Abstract
We present the complete mitochondrial genome sequence of Plakobranchus cf. ocellatus (Heterobranchia: Sacoglossa), a so-called ‘solar-powered’ sea slug with long-term retention of chloroplasts. The mitochondrial genome was 14,177 bp in length containing the standard set of 13 protein-coding genes, 2 rRNAs, and 22 tRNAs. The base composition of 27.3% A, 15.6% C, 18.6% G, and 38.5% T showed a strong A + T bias. The genome organization of P. cf. ocellatus is identical to the other sacoglossan mitogenomes sequenced so far, except for Ascobulla fragilis.
Plakobranchus cf. ocellatus van Hasselt, 1824 belongs to a small group of marine, heterobranch slugs, called Sacoglossa, of which certain species have the ability to sequester chloroplasts from its food algae (Hirose Citation2005; Christa et al. Citation2012). These ‘stolen’ plastids (kleptoplasts) are then stored in a functional state in the digestive gland cells of the slugs and allow them to endure weeks (short-term retention) or months (long-term retention) of starvation during which time the kleptoplasts continue photosynthesis inside the slugs (Trench et al. Citation1970; Christa et al. Citation2012, Citation2014; Wägele & Martin Citation2014; Vries et al. Citation2015). Here, we present the complete mitochondrial genome of P. cf. ocellatus, a so-called ‘solar-powered’ sea slug with long-term retention (Händeler et al. Citation2009; Christa et al. Citation2012).
Specimens of P. cf. ocellatus were collected on the Philippines (10°14'30.4"N 124°03'47.2"E) in December 2012. The heads of about 60 slugs were dissected to remove the post-pharyngeal nerve ring, which were directly deep frozen in liquid nitrogen and then stored (−80 °C). From these, genomic DNA was extracted using the QIAGEN DNeasy® Blood & Tissue Kit (Hilden, Germany). Voucher material is stored in absolute ethanol at the Zoological Research Museum Alexander Koenig (voucher no. ZFMK-TIS-29490).
Two genomic libraries (insert sizes: 350 and 550 bp, resp.) were prepared using the TruSeq® DNA PCR-Free Library Preparation Kit (San Diego, CA) according to the manufacturer’s protocol and 125 bp paired-end reads were sequenced on an Illumina HiSeq 2500 platform (San Diego, CA). All read pairs were used for mitochondrial genome assembly with MITObim 1.8 (Hahn et al.
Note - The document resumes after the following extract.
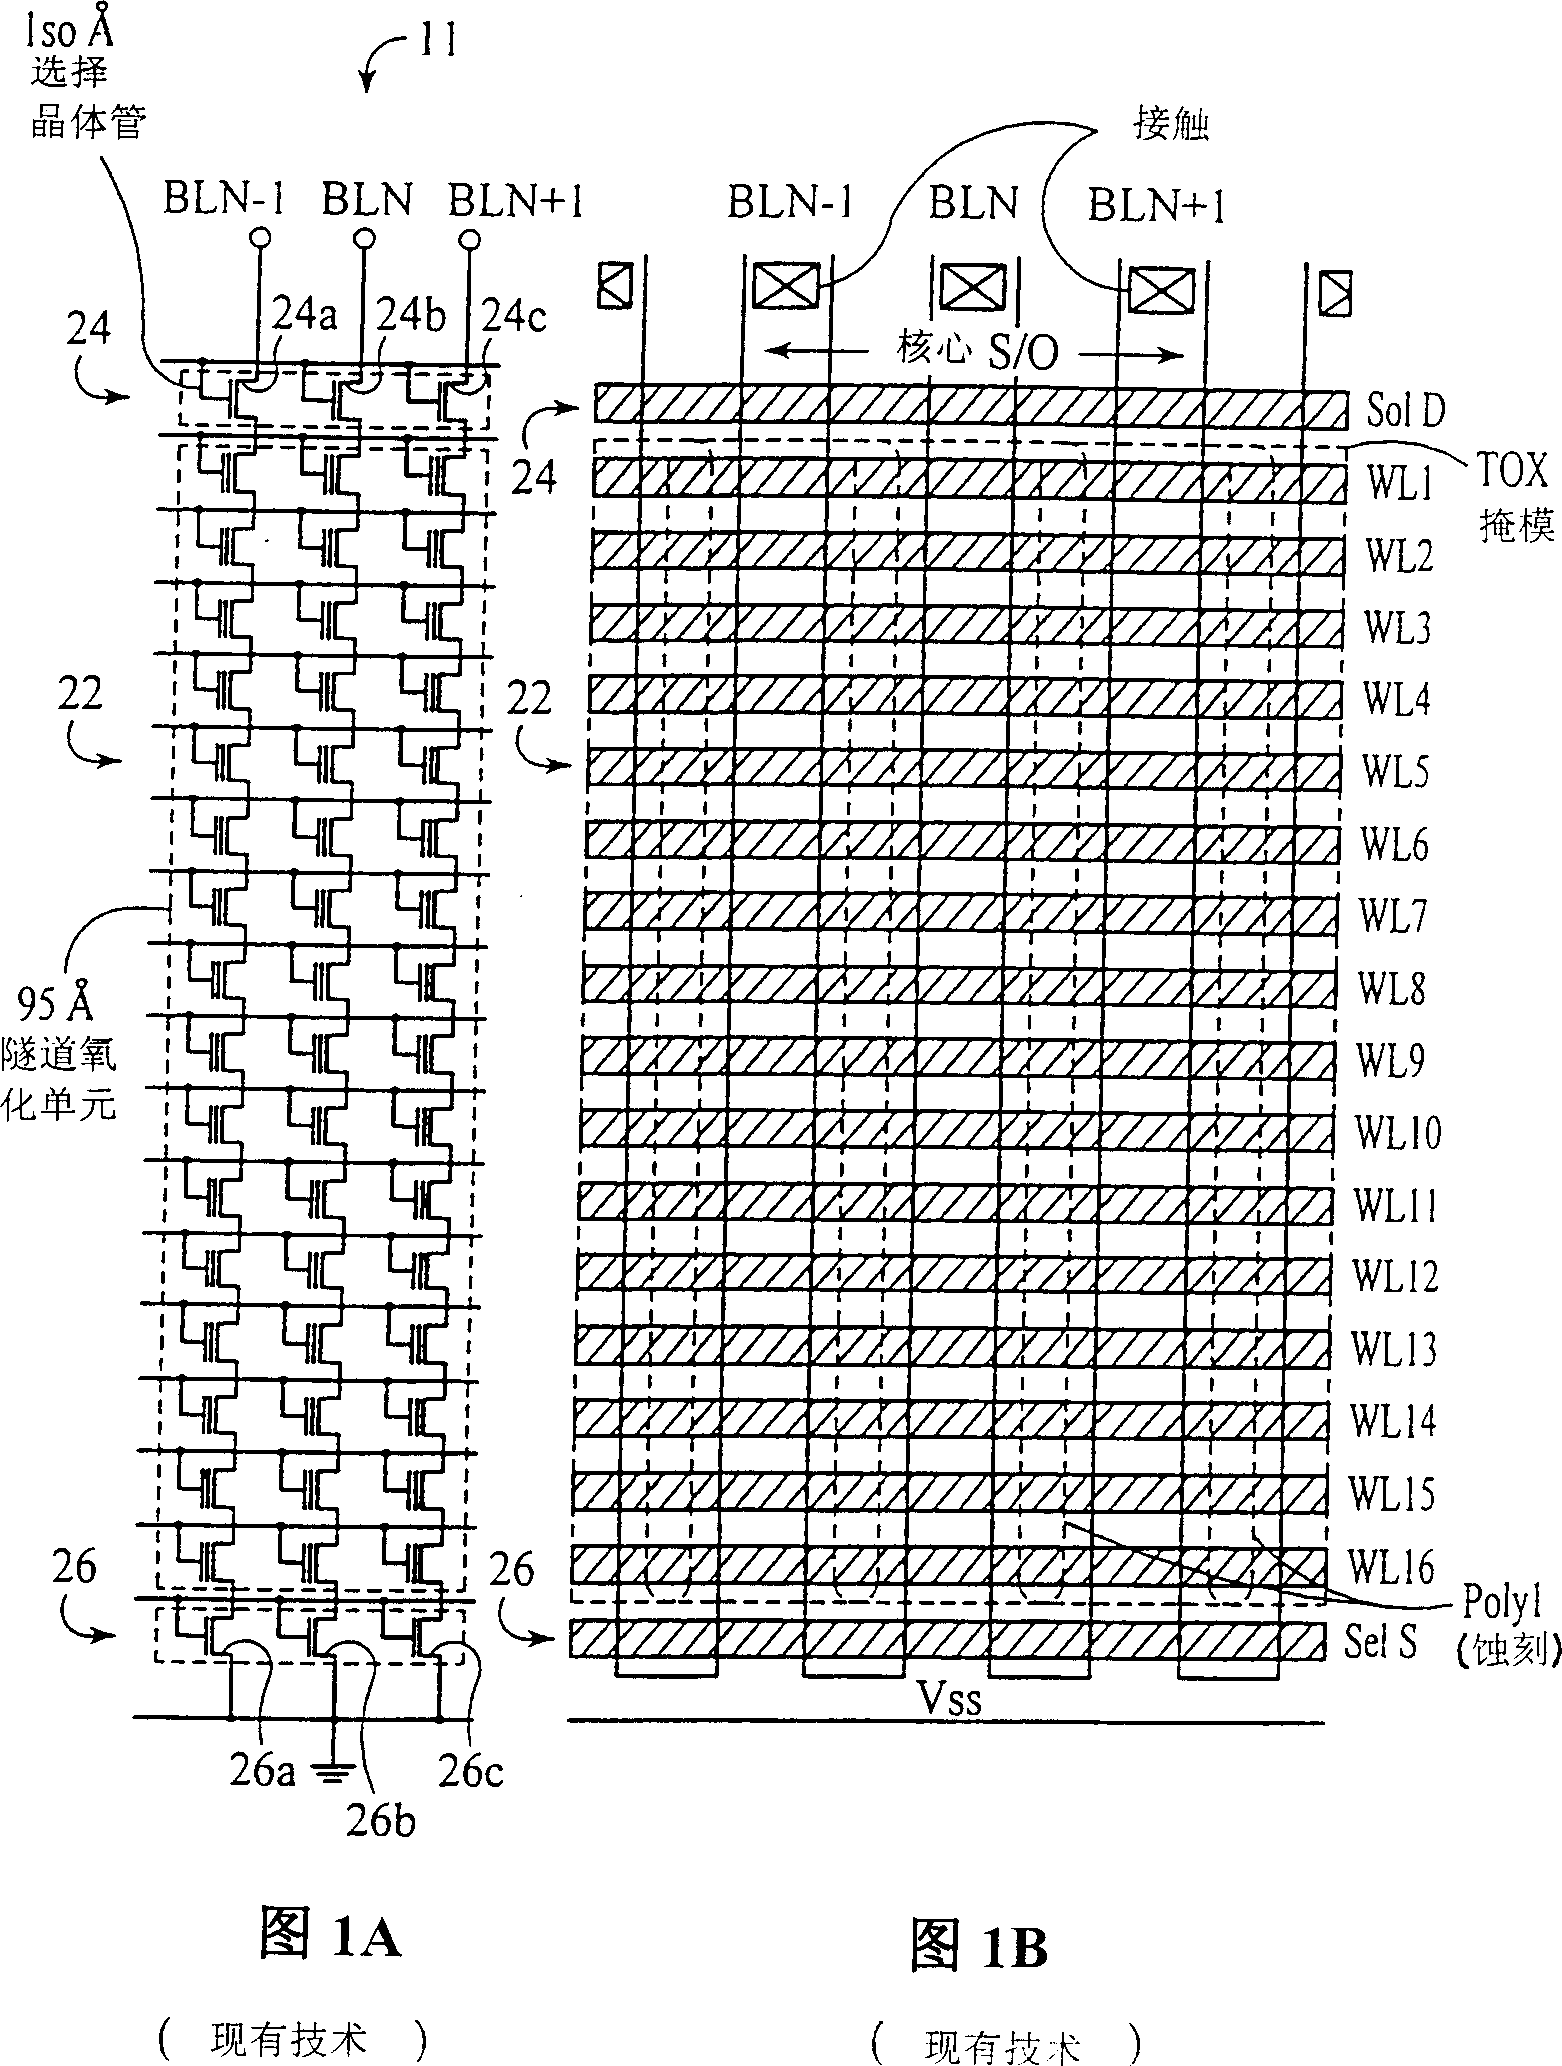 Method for providing dopant level for polysilicon for flash memory devices

Citation2013), using the sequence of the mitochondrial cytochrome oxidase I gene of P. ocellatus (NCBI accession number: JX272720.1) as seed. After verification of correct circularity, genome annotation was done with MITOS revision 656 (Bernt et al. Citation2013), followed by manual correction using Geneious version 7.1.9 (Kearse et al. Citation2012).
The complete mitochondrial genome (GenBank accession number: KX853083) had a length of 14,177 bp encoding for 13 protein-coding genes, 2 rRNAs, and 22 tRNAs. The base composition is 27.3% A, 15.6% C, 18.6% G, and 38.5% T. A total of 183 bp nucleotides were observed in multiple small intergenic regions, ranging from 1 to 54 bp (found between the genes coding for COX3 and trnI(gat)). The gene order was as follows: trnK(ttt), cox1, trnV(tac), rrnL, trnL1(tag), trnA(tgc), trnP(tgg), nad6, nad5, nad1, trnW(tca), trnY(gta), nad4l, cob, trnD(gtc), trnF(gaa), cox2, trnG(tcc), trnH(gtg), -trnQ(ttg), -trnL2(taa), -atp8, -trnN(gtt), trnC(gca), -atp6, -trnR(tcg), -trnE(ttc), -rrnS, -trnM(cat), -nad3, -trnS2(tga), trnS1(gct), nad4, -trnT(tgt), -cox3, trnI(gat), nad2 and is therefore identical to the other sacoglossan mitogenomes sequenced so far, i.e. Elysia chlorotica, E. ornata, Thuridilla gracilis, and Placida sp. 1 NY-2013, except for Ascobulla fragilis.
The amino acid sequence of the 13 protein-coding genes of P. cf. ocellatus and all other sacoglossan species with fully sequenced mitogenome were extracted, aligned with MAFFT v7.271 (G-INS-i mode) (Katoh & Standley Citation2013), conspicuous sites as suggested by Aliscore v1.2 (Misof & Misof Citation2009) were removed, and remaining sites concatenated into a supermatrix. Optimal model parameters and the best partitioning scheme were searched with PartitionFinder v2.0.0-pre14 (Lanfear et al. Citation2014). Phylogenetic relationships, with partitioning and optimal model parameters being considered, were inferred (with 150 bootstrap replicates as found sufficient by the MRE-based bootstopping criterion) with RAxML version 8.2.9 (Stamatakis Citation2014) ().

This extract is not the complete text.